De plus, l’amélioration des perspectives d’emploi contribue à renforcer la confiance des consommateurs et le marché de l’immobilier : les ventes au détail sont de retour aux niveaux d’avant crise et les prix des maisons sont en hausse à un rythme étonnant.

Par ailleurs, il est évident que l’activité économique s’accélère et les sondages montrent que les intentions de dépenses en immobilisations de la part des entreprises ont grimpé en flèche. Les nouvelles commandes manufacturières sont plus élevées que prévu et les exportations se redressent graduellement (bien que toujours négatif sur une base annuelle).

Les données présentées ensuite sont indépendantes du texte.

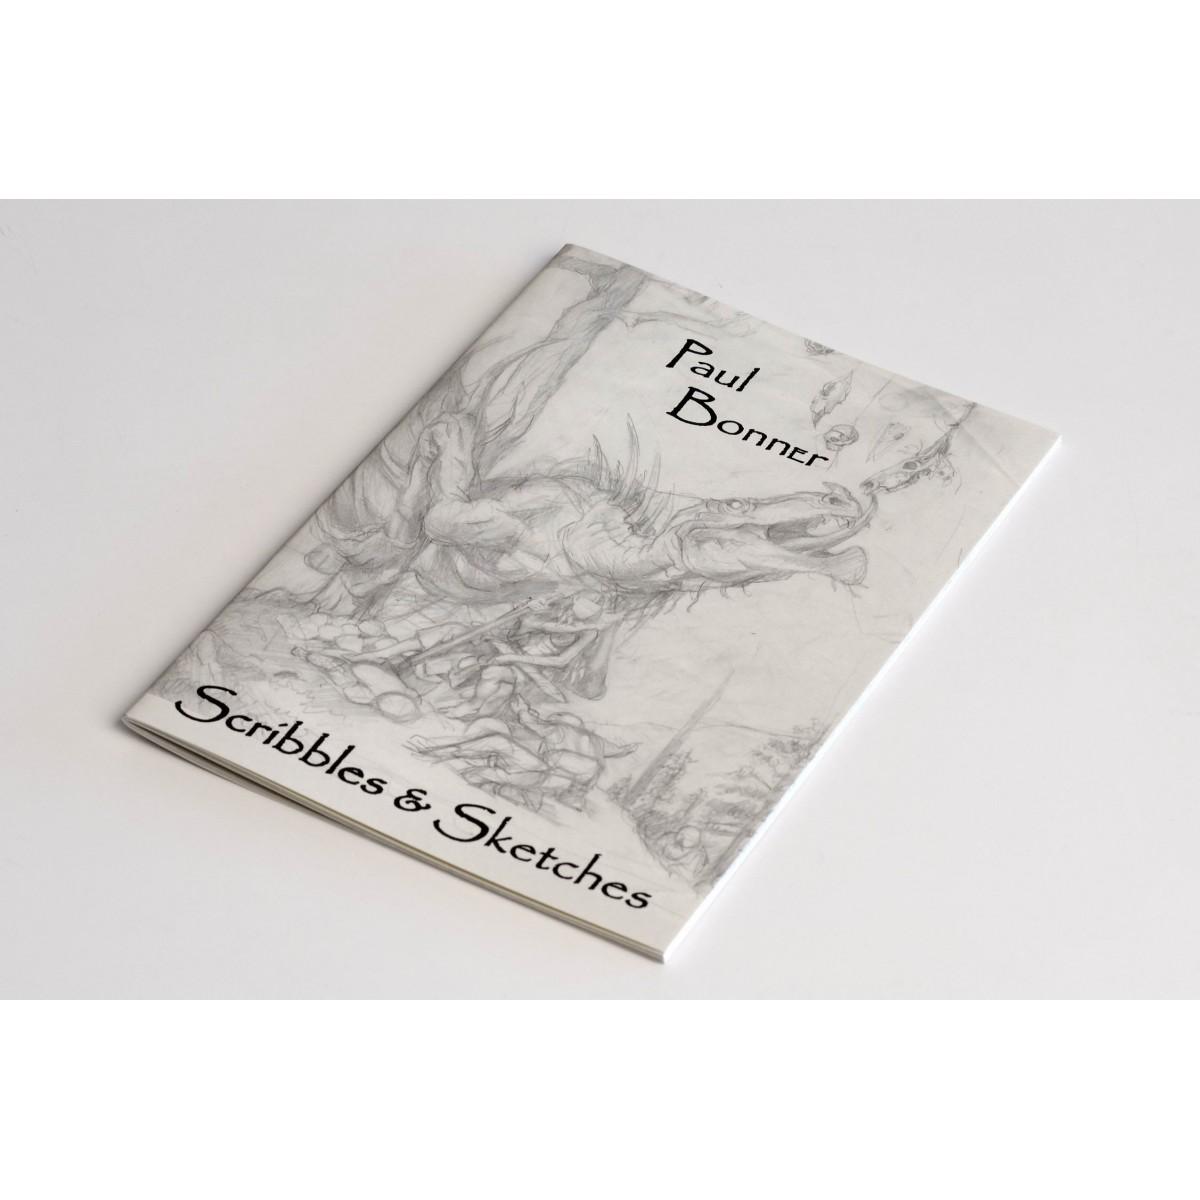 Paul Bonner - Scribbles & Sketches - Edition limitée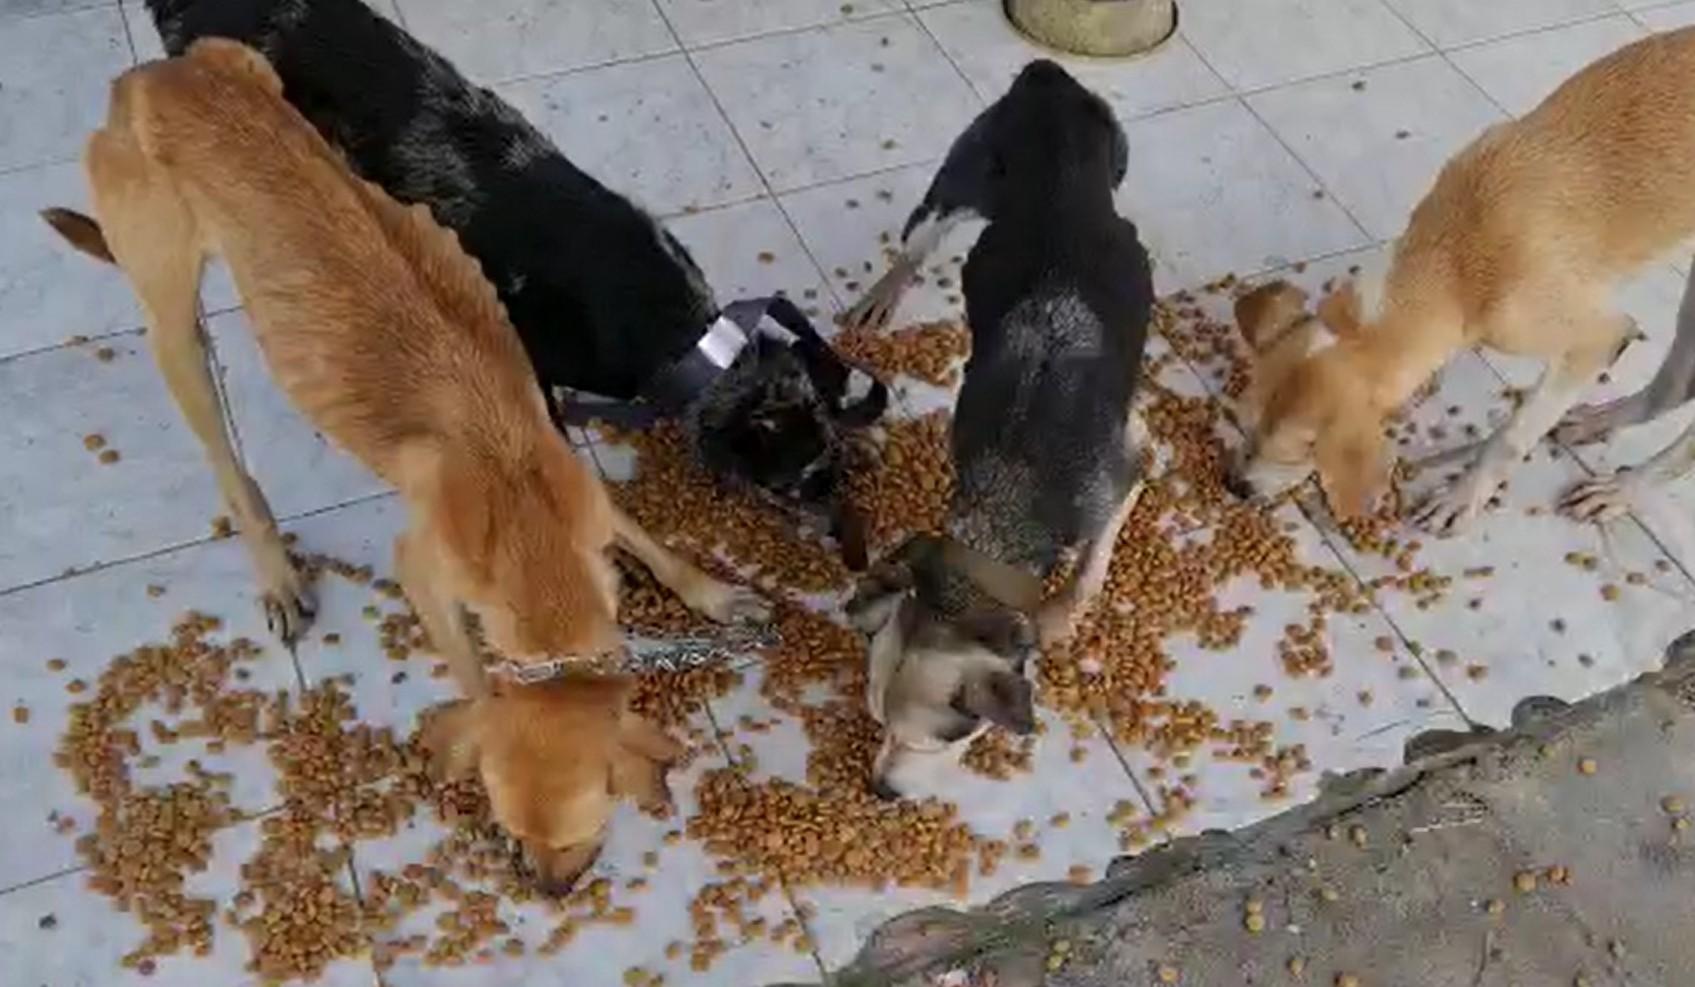 Abandonados pelo tutor, 5 cães foram encontrados em situação de maus-tratos no interior do AP

Par conséquent, l’argument pour les hausses de taux de la Banque du Canada est évident. Ne soyons pas étonnés de voir les profits des entreprises canadiennes surprendre à la hausse les anticipations des analystes. Les Bourses canadiennes devraient ainsi mieux faire que l’indice de référence mondial et la devise canadienne demeure le bon choix pour les investisseurs canadiens.